Key points from the Court’s reasoning:

  • The tribunal’s duty to afford natural justice in these circumstances is limited to the determination of impossibility; it does not extend to ensuring a hearing on the merits if such hearing cannot be practically conducted.
  • Article 32(2)(c) confers no discretion to weigh prejudice or causes; it turns solely on an objective finding of impossibility.
  • Impossibility may arise from reasons outside the parties’ control, such as sanctions; such external causes do not affect the requirement to terminate.
  • The right to a determination on the merits is not absolute in arbitration governed by the Model Law; procedural fairness is preserved even if sanctions prevent continuation.

Natural Justice and Procedural Fairness

The claimant submitted that its right to a determination on the merits and procedural fairness were violated, owing to the termination order.

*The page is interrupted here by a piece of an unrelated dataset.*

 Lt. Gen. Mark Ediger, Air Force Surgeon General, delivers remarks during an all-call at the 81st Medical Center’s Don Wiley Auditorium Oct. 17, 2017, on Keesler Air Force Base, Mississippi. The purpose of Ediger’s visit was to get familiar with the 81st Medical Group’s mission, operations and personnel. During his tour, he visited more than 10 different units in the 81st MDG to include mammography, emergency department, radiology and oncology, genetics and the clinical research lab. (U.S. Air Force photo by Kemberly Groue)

The Court rejected this, emphasizing:

  • The claimant had ample opportunity to present its case regarding impossibility and was not denied equal treatment or a fair process.
  • The tribunal was not required to weigh the relative prejudice or causes of impossibility; its role was to determine, objectively, whether continuation was still feasible.
  • Allegations of irrationality or capriciousness were found baseless; the tribunal acted within its powers, considering the evidence and circumstances appropriately.

Conclusion

[2026] SGHC 32 affirms the tribunal’s mandatory power to terminate arbitral proceedings under Article 32(2)(c) UNCITRAL Model Law when sanctions or other circumstances make continuation impossible. The ruling redefines expectations regarding procedural rights in such situations and underscores the necessity for claimants to proactively address obstacles in pursuing claims in international arbitration.

The parties to the arbitration have been anonymised, but it seems safe to conclude that the claimant is a sanctioned Russian bank. The fact that the Singapore court confirmed the impossibility to continue arbitration due to sanctions as a reason to terminate the arbitration seems to confirm the Russian position expressed in the Lugovoy Law that proceedings outside of Russia are impossible for sanctioned Russian entities. No doubt this decision will be welcomed in the Russian legal sphere.